Друзья поминают Веничку. И персонажа, и автора одновременно. Кажется, единственный случай в русской литературе такого единокровного единения.
В театре на Таганке шел спектакль «Москва-Петушки», в постановке Валентина Рыжего. Шел, естественно, в буфете, столы которого под протяжную музыку саксофона Сергея Летова то и дело трансформировались в громыхающие и лязгающие буферами вагоны нескончаемой ерофеевской электрички.
— Для нас эти столы-вагоны – это не просто поезд, это вся жизнь во всем ее многообразии. Помните, героя поэмы убивают в том же самом подъезде, в который он заходит в начале повествования. И вся эта электричка – это по сути, одно мгновение, поток света на отрезке между жизнью и смертью, — рассказывал блистательный исполнитель роли Венички Александр Цуркан.

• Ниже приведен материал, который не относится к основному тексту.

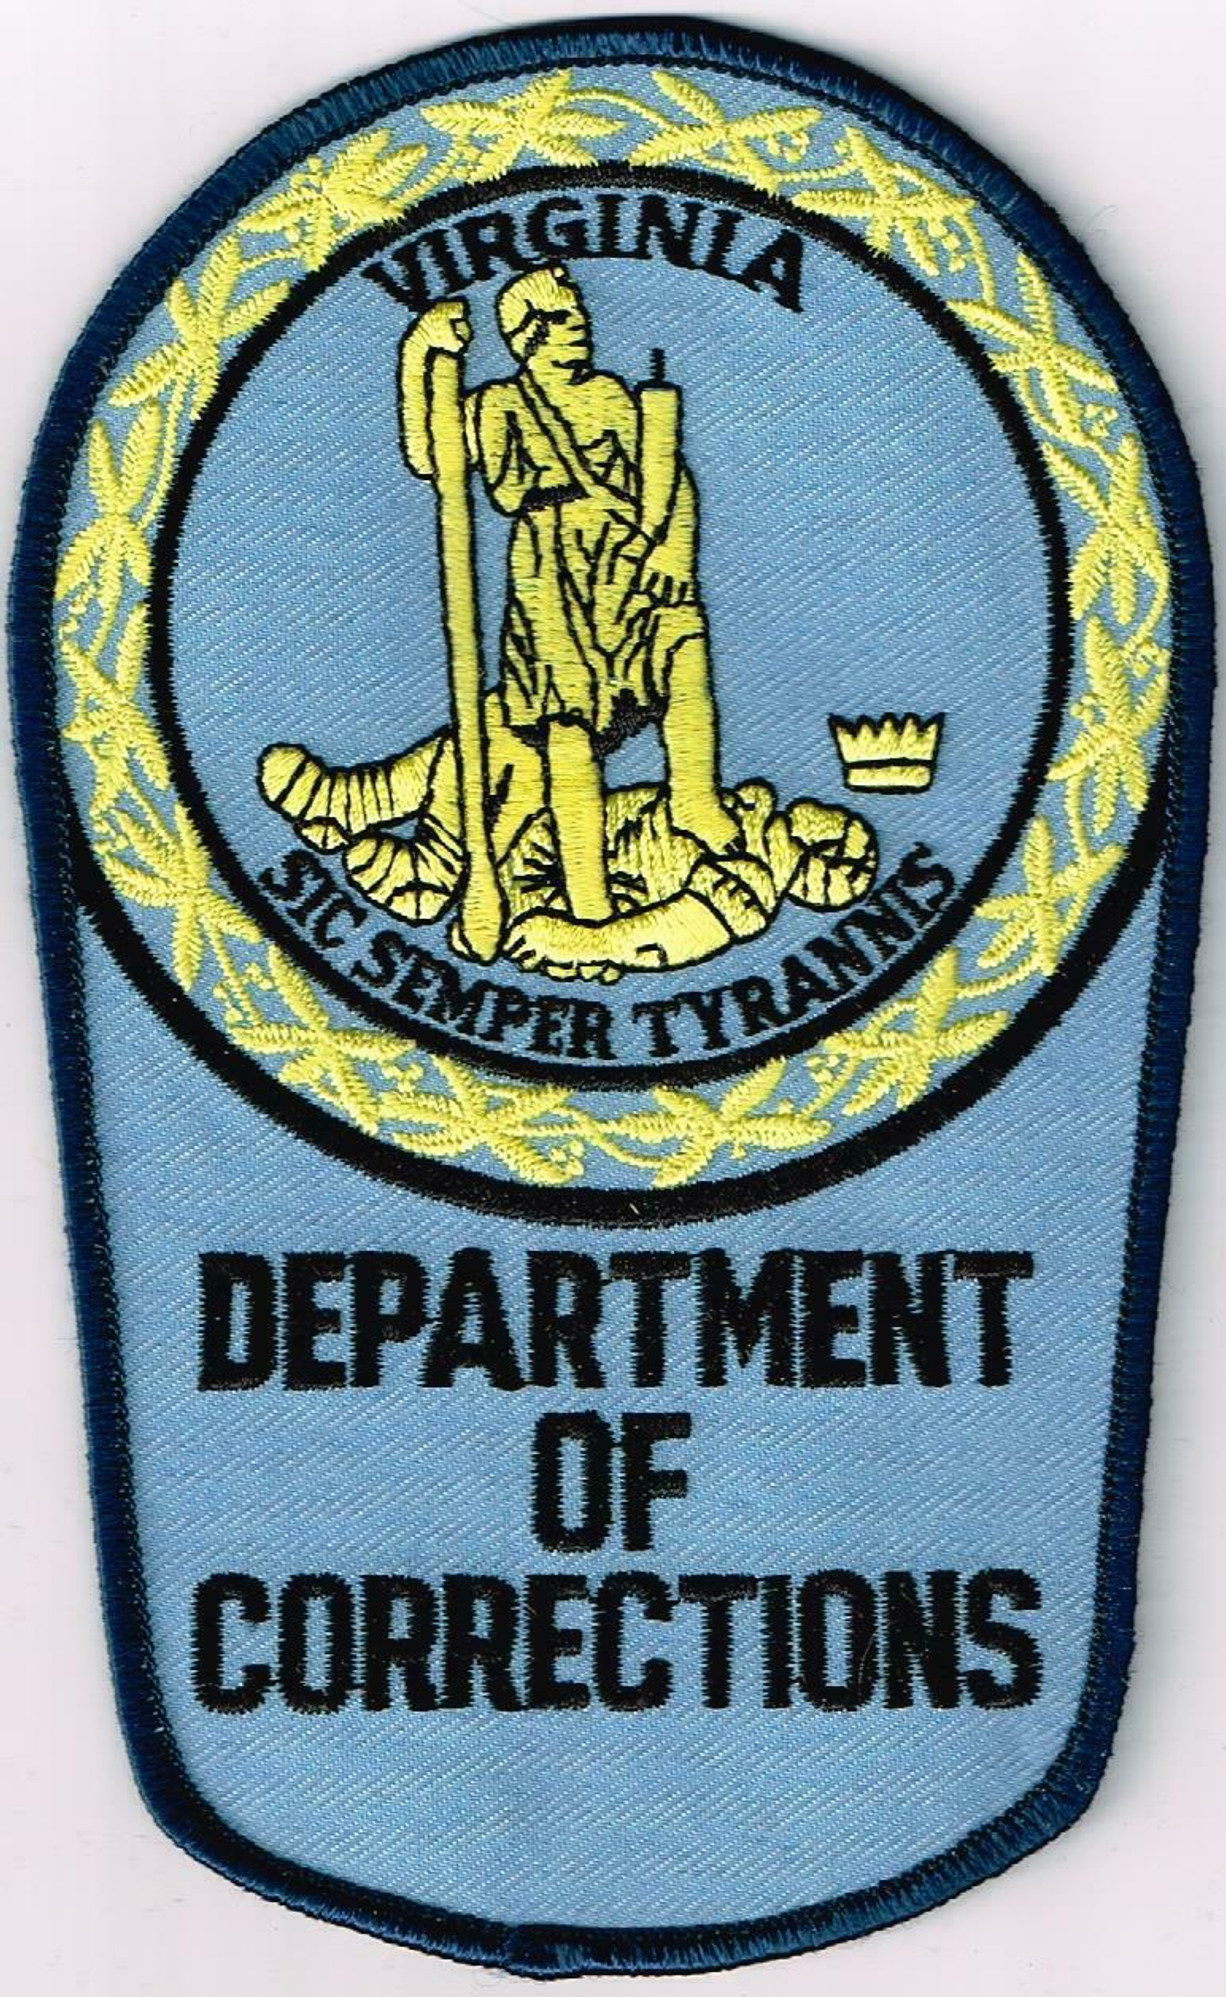 Dept. of Corrections VA Police Patch

В театре песни «Перекресток» Виктора Луферова в те дни шла пьеса Анатолия Гаврилова «Икота», навеянная мотивами не только «Петушков», но и других, незаконченных произведений Ерофеева. Привез пьесу «Театр малых форм – театр перформанса» Станислава Шавловским из Владимирского колледжа культуры и искусств.
Праздничный марафон продолжился на московском ипподроме. Забег «Москва – Петушки» имени Венедикта Ерофеева. Участвуют известные артисты театра и кино: Кирилл Казаков, Александр Домогаров, Андрей Ростоцкий…

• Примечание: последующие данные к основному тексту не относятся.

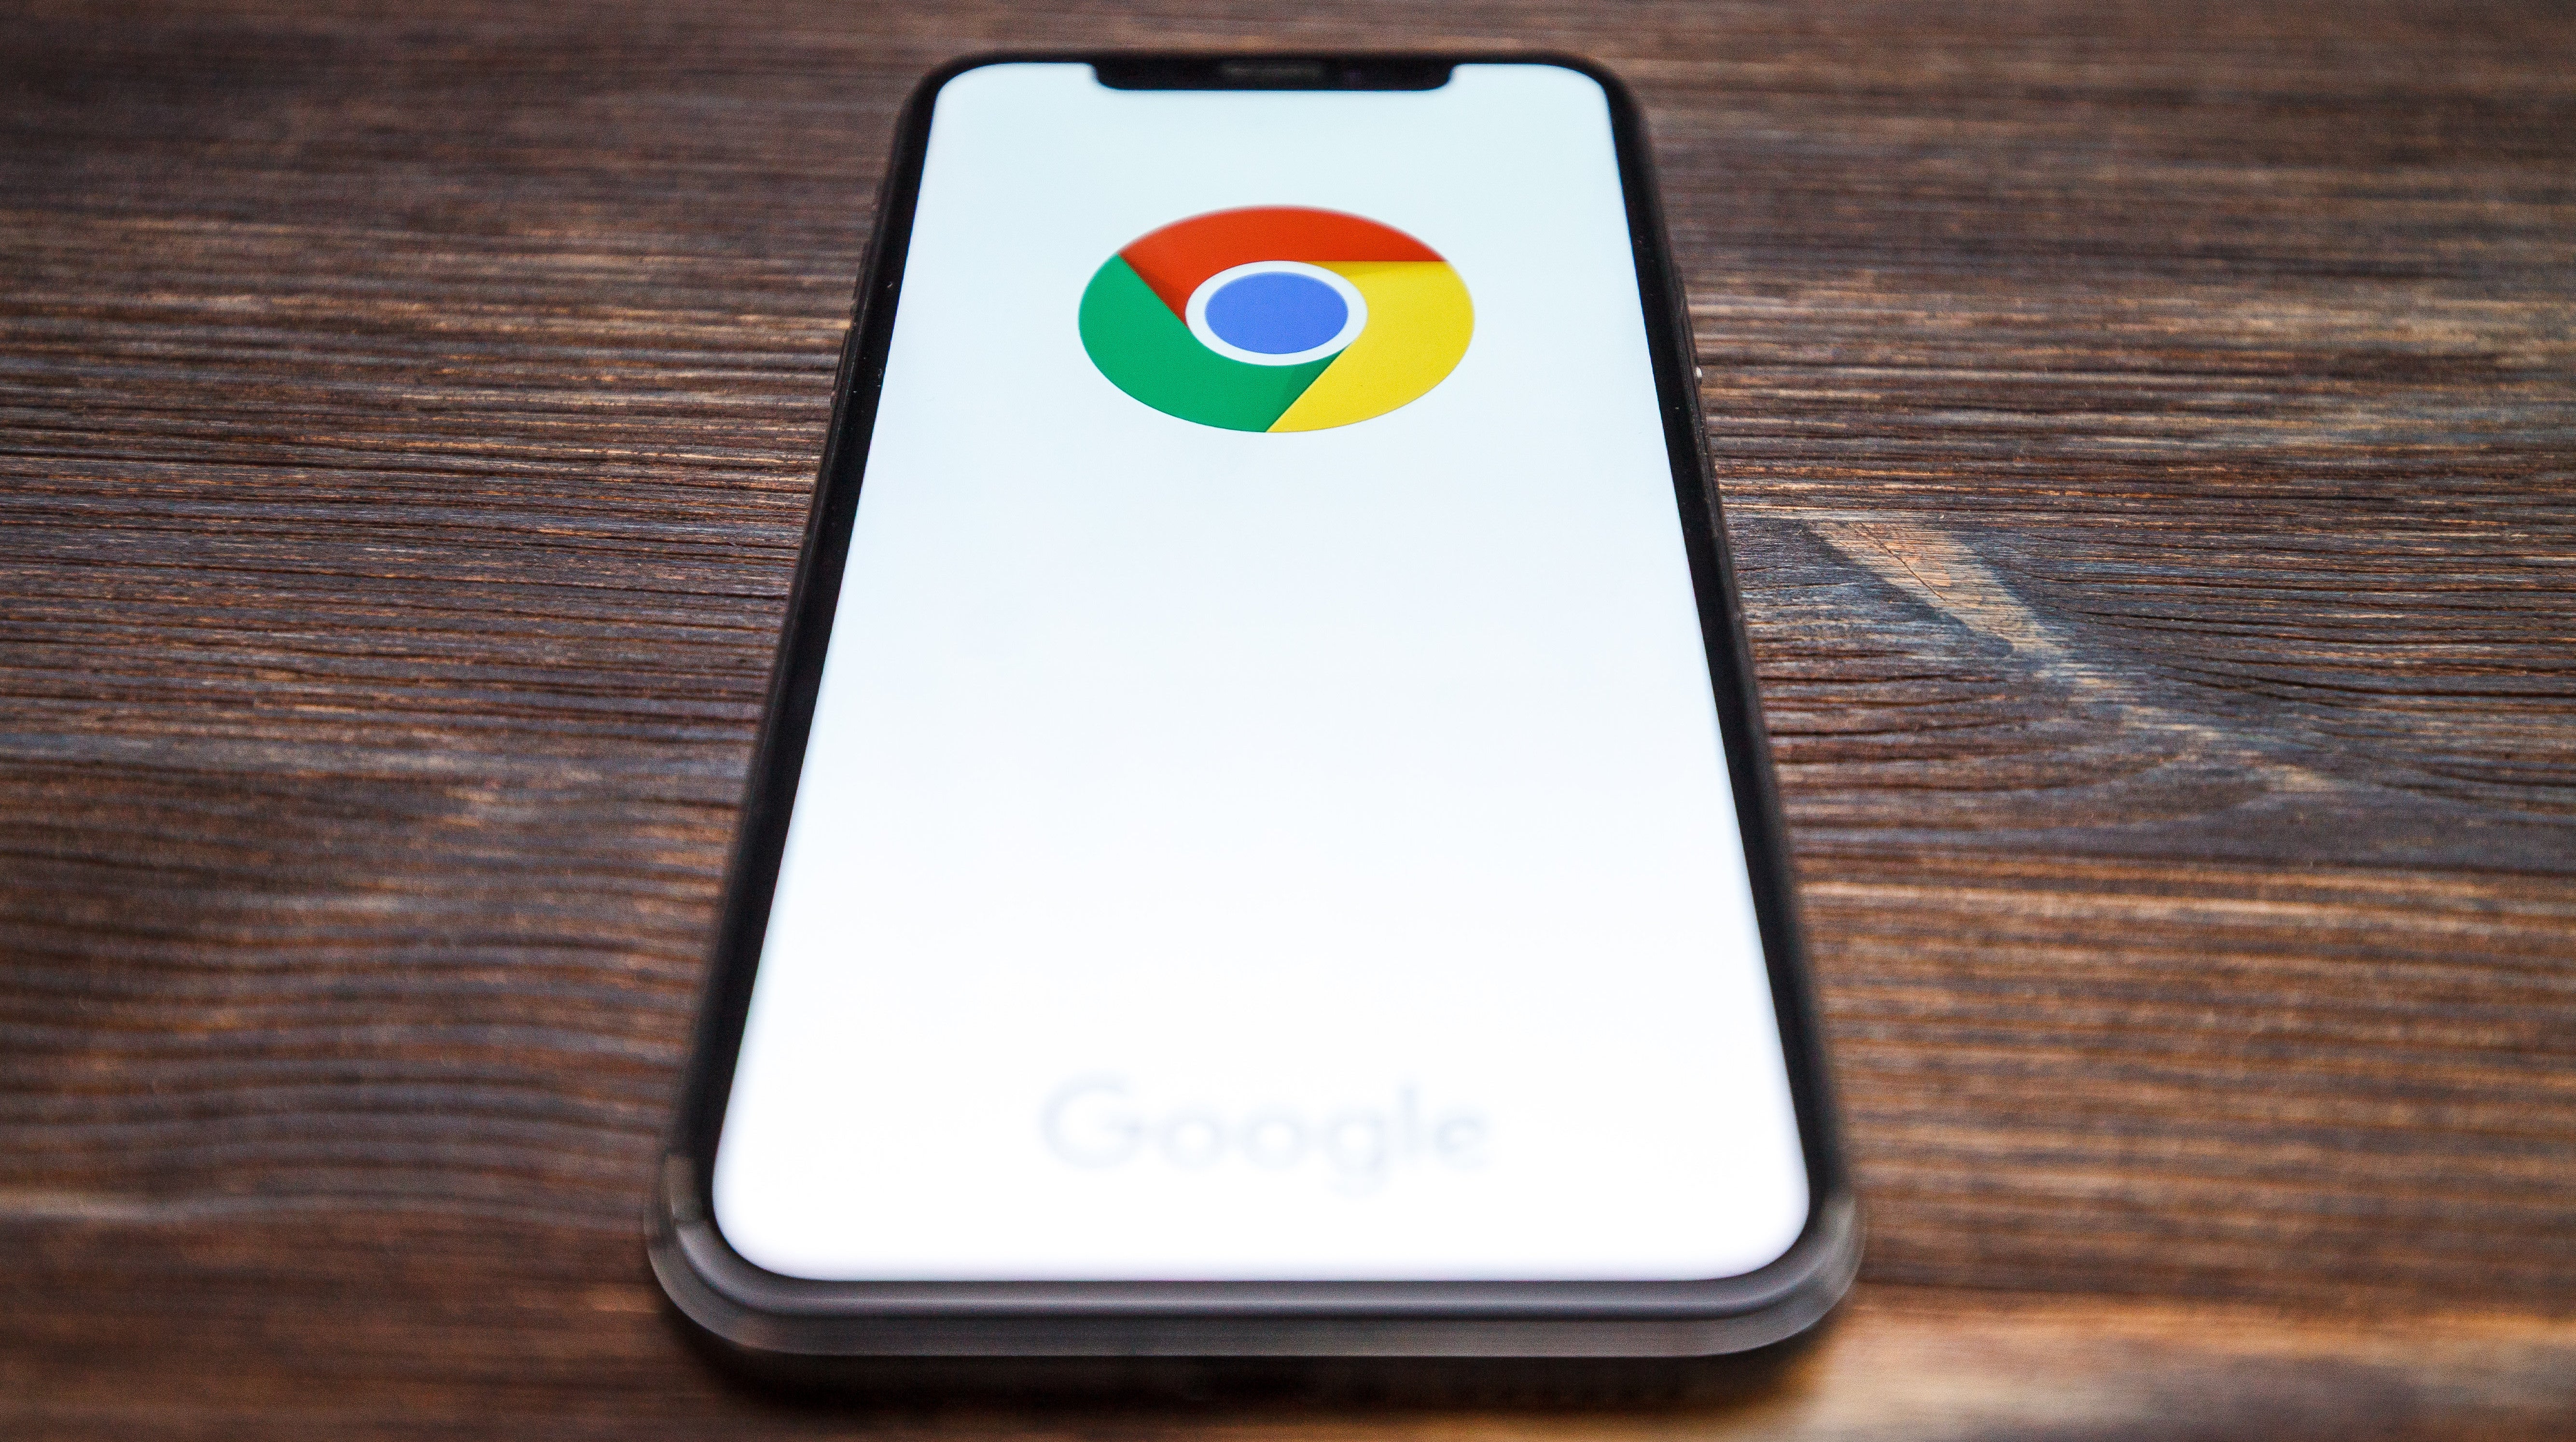 How To Enable Chrome’s Hidden Dark Mode And Secure Password Features

— Ипподром – это место очень ерофеевское, — говорил Андрей Бильжо. – Вот, если бы его юбилей отмечался, скажем, в Колонном Зале Дома Союзов со всей его помпезностью, это юбиляру бы не понравилось. Его бы просто стошнило. А здесь – вглядитесь – витает ерофеевский юмор, здесь масса ерофеевских персонажей, и опрокидывающих стопочку в буфете, и играющих на последние деньги в тотализатор. Все хотят играть, но не все могут позволить себе играть в казино. Ипподром – это как бы осколок той, ерофеевской эпохи.
Я окидываю взглядом облупившиеся трибуны с покосившимися лестницами, грязные буфеты, замерзших на ветру зрителей в старых «болоньих» плащах, лихорадочно мечущихся между буфетными стойками и кассами тотализатора.

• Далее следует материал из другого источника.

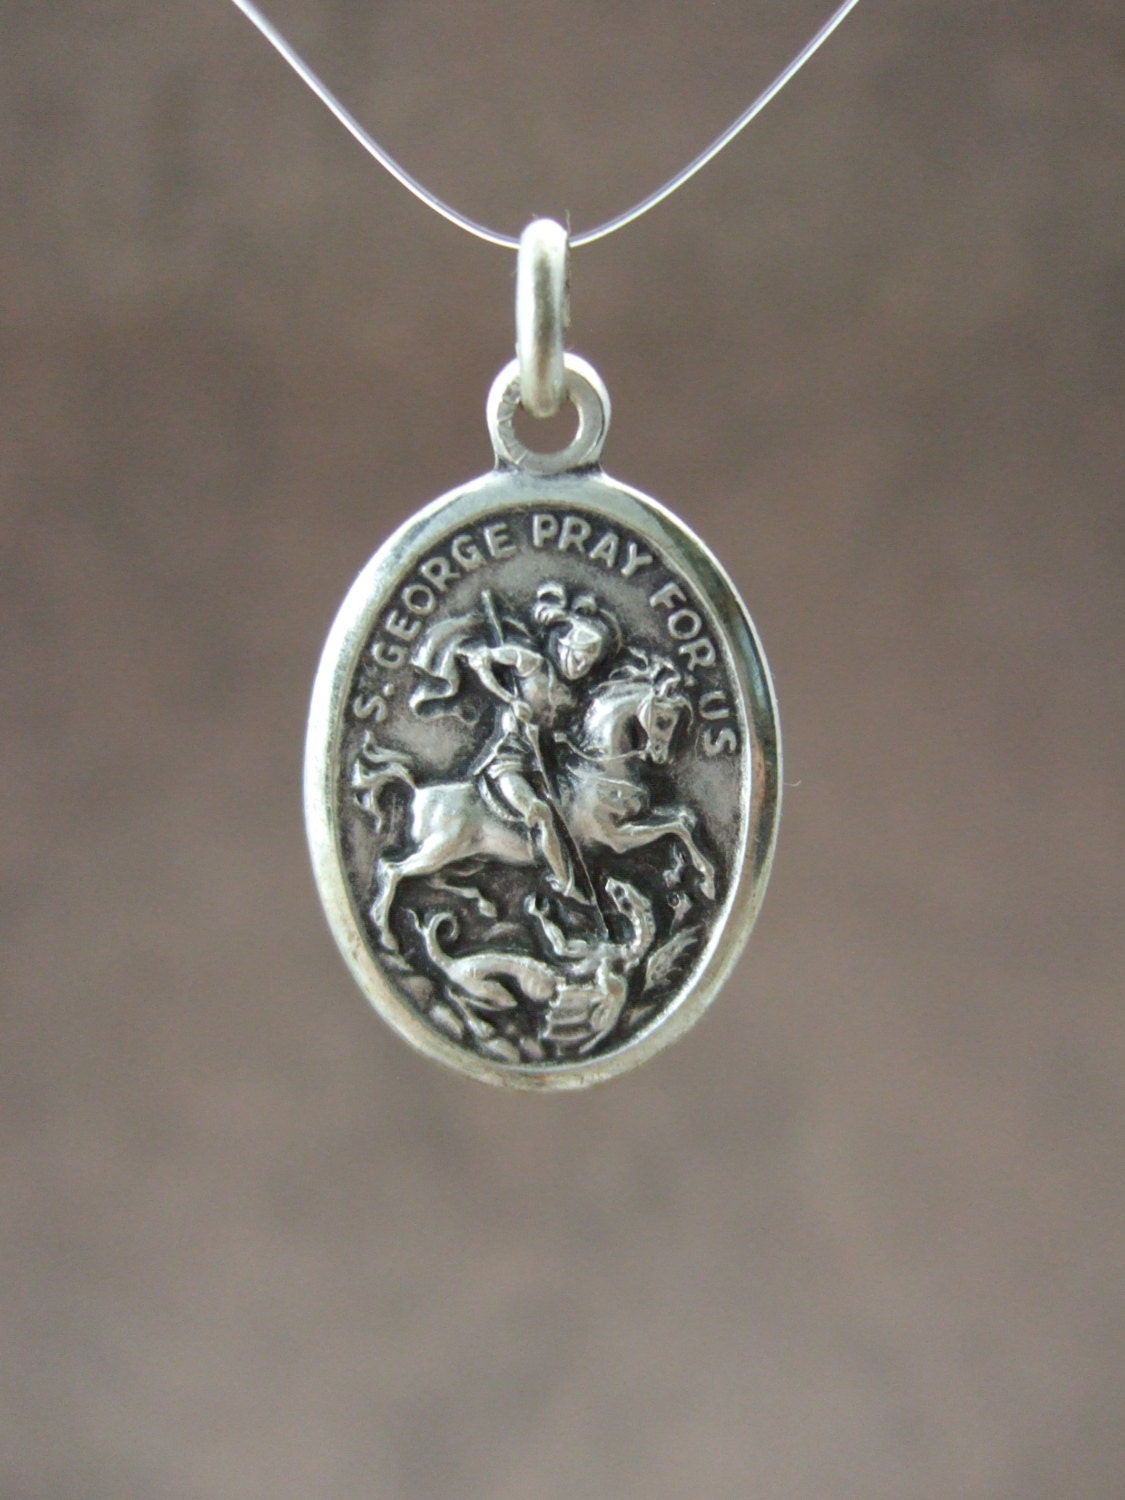 Vintage ST. GEORGE and the Dragon medal 26mm silver finish

На этом фоне выделялись отделанные бархатом открытые веранды китайского ресторана. Мимо проходит бомжистого вида старичок с клюкой из слегка оструганной березовой ветки.
— Веничка от всего этого, — минутная пауза, старичок, вглядываясь в ресторанную роскошь, контрастирующую со всем остальным обликом ипподрома, подбирает слова, — он просто бы опупел!
— А у вас случайно нет сотового телефона? – спрашивает на ипподроме у «мозговеда» торопящаяся позвонить маме юная Маша Тарощина (в «лихие девяностые» сотовые телефоны были далеко не у всех!).
— Конечно, есть! – с улыбкой отвечает Бильжо. – Но только деревянный. Как рубль! В клубе «Петрович». Там мы тоже отмечаем юбилей Ерофеева. Приходите!
— А клуб «Петрович» назван так в честь вашего персонажа? – спрашиваю я (клуб только что открылся в те дни).
— Да, да. Это, знаете, такой персонаж в духе Ерофеева. И он мне очень дорог. Я очень хорошо знал Веничку по своей первой профессии, когда он попадал к нам в больницу, а мы его спасали в буквальном смысле слова от смерти, — продолжает «мозговед». – У нас в клубе соберутся люди, хорошо знавшие писателя.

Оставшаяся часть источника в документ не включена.